The Pregnancy Discrimination Act [already] requires employers to treat pregnant employees the same (no better and no worse) as other employees based on their ability or inability to work. In other words, the law already requires that employers provide the same accommodations for an expectant worker that you do for any un-pregnant employee unable to perform his or her regular job duties.

Have you ever offered light duty to an employee returning from an injury? Have you ever reassigned job functions to assist an injured worker? Unless you are among the tiniest minority of employers that provides no accommodations for any employees' medical issues or injuries, then the PDA already requires you to accommodate your employees' pregnancies.

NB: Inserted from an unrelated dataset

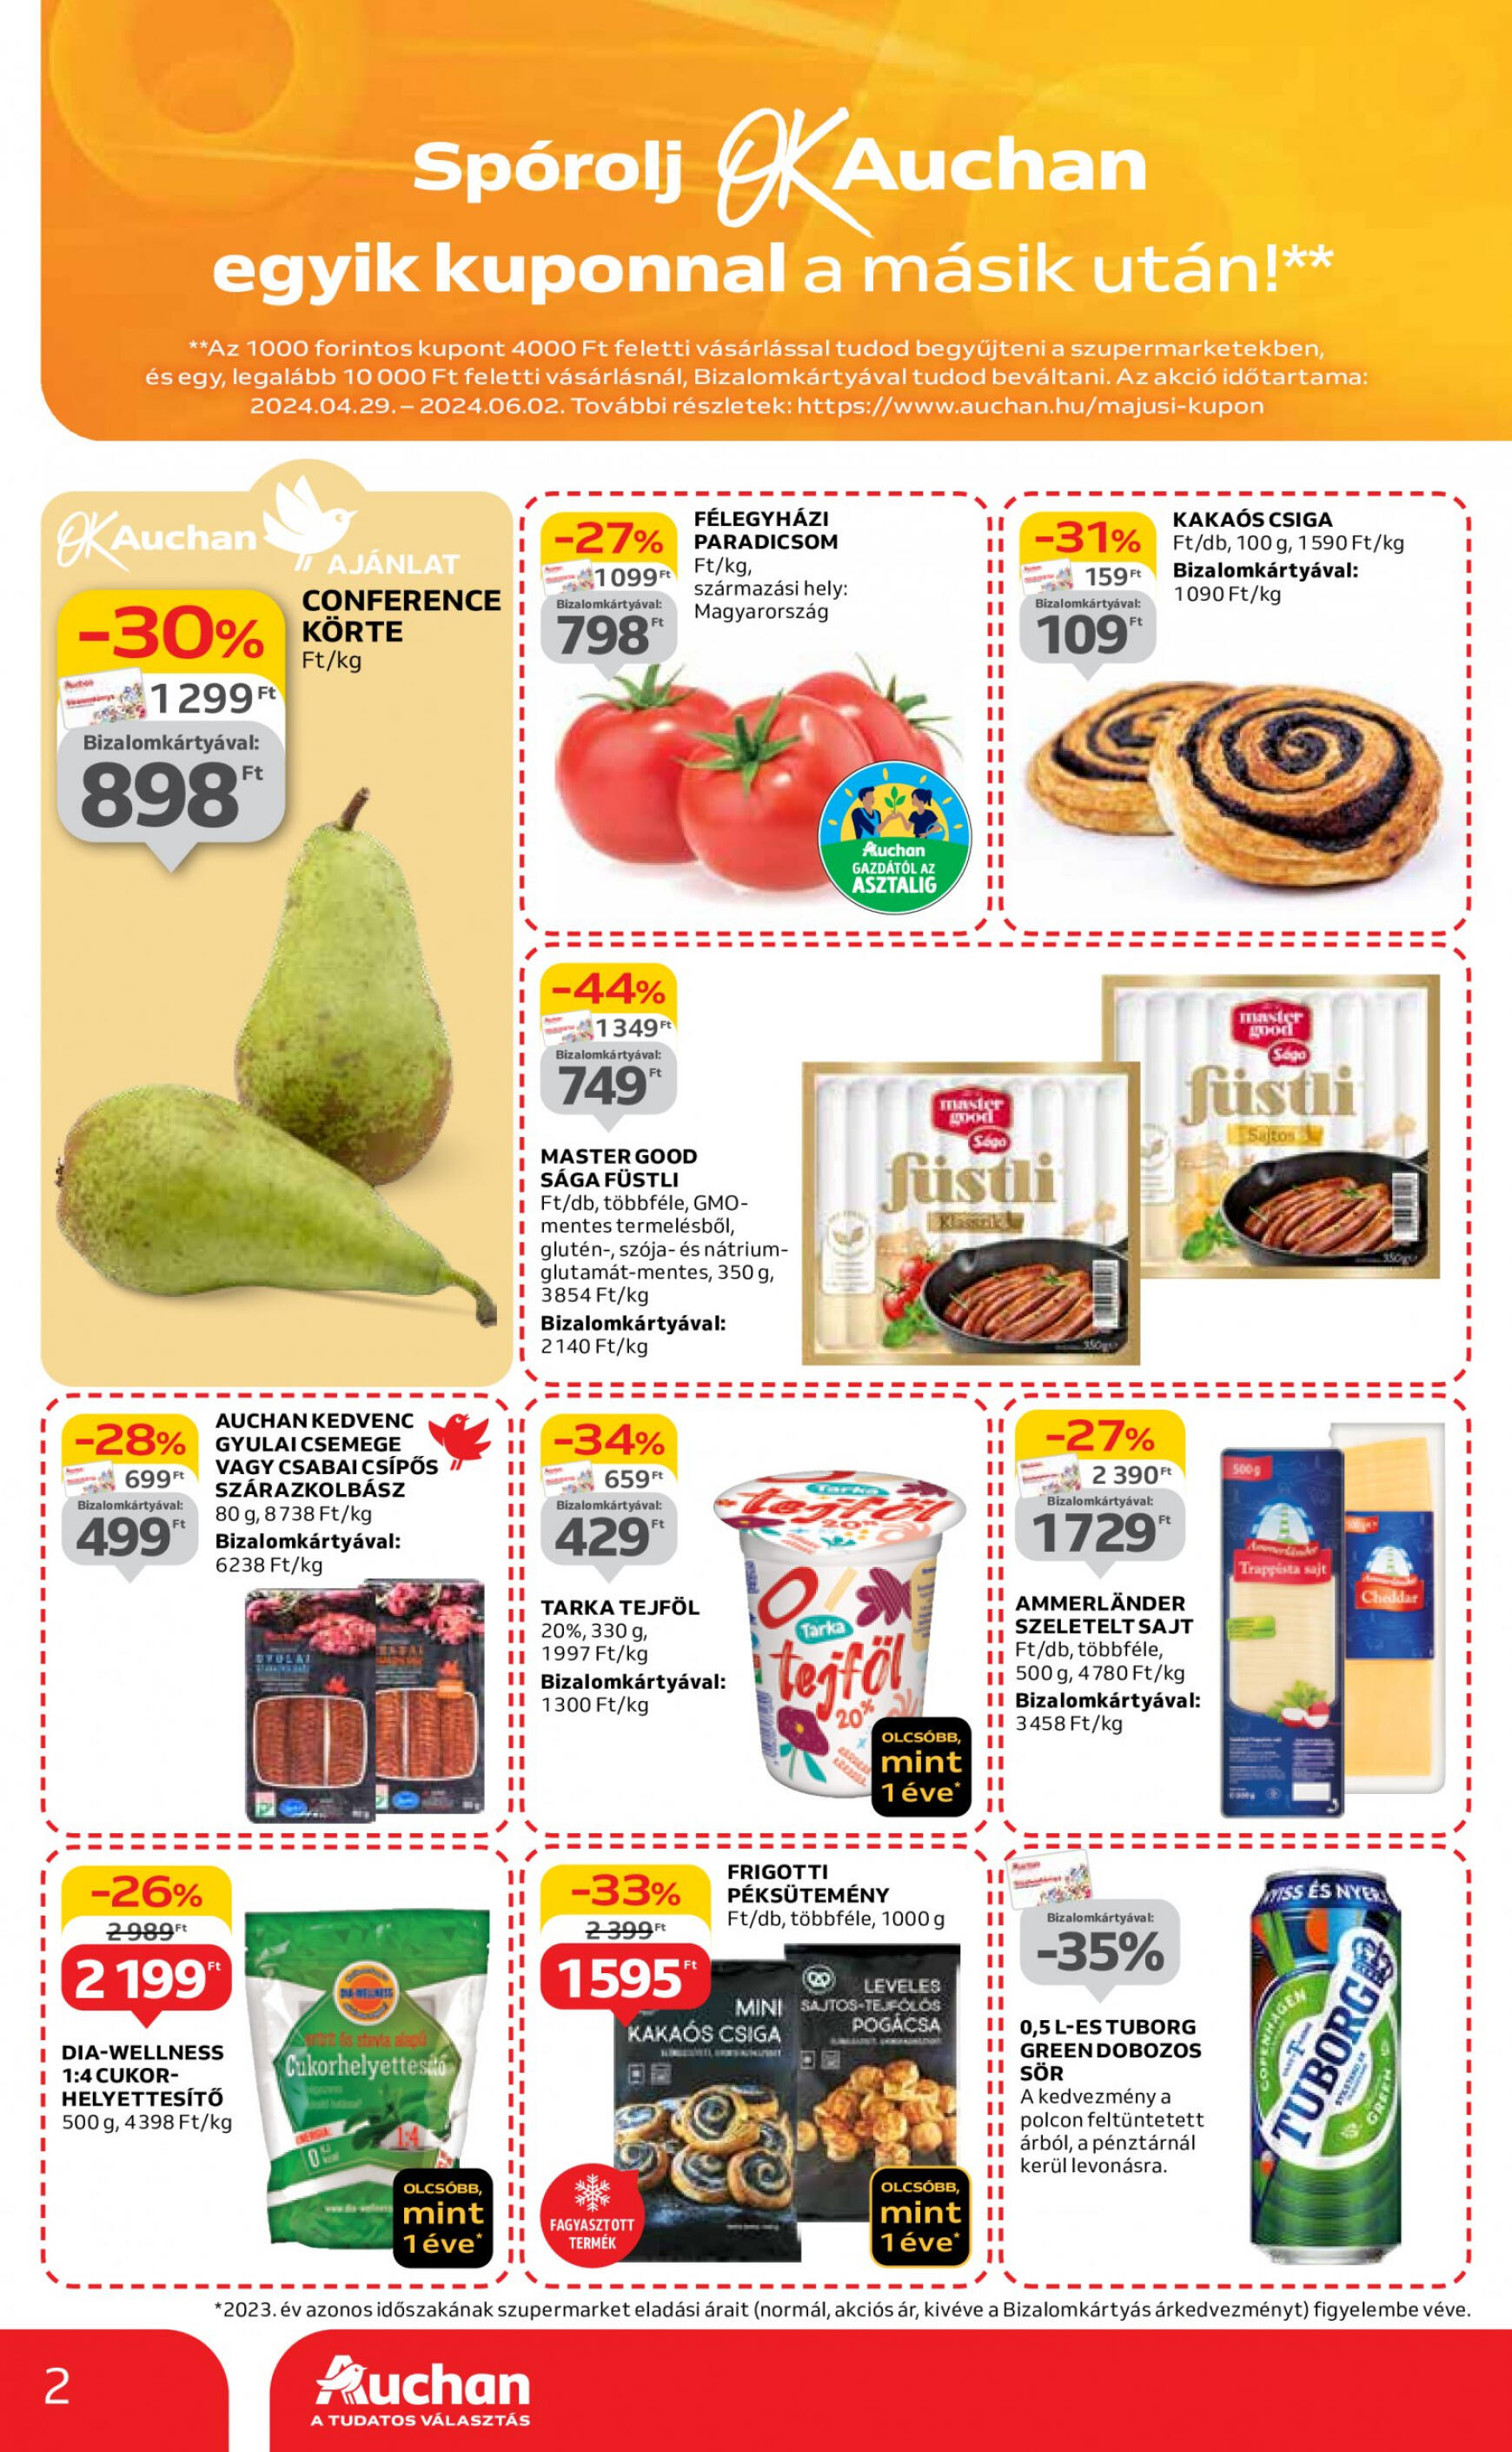 auchan - Aktuális újság Auchan szupermarket 05.02. - 05.08. - page: 2

On Sept. 28, HuffPost Live ran a story on the re-introduction of this legislation. The host, Nancy Redd, cited my May blog post as support for the argument that this bill is unneeded. Some on the panel took issue with those that argue against the need for this legislation.

So that my position is crystal clear, I am not saying that pregnant women should be discriminated against. What I am saying, however, is that because the law requires employers to accommodate pregnant women at least at the same level as they accommodate any other employee with a similarly disabling short-term medical condition, Title VII already guarantees the rights laid out in the Pregnant Workers Fairness Act.

In other words, we do not need legislation to duplicate rights that already exist. If employers are not granting these rights, and pregnant workers are not receiving the accommodations they need and are requesting, then pregnant workers should be filing discrimination lawsuits. The answer lies in educating employers on their obligations under existing laws, not passing new, duplicative ones.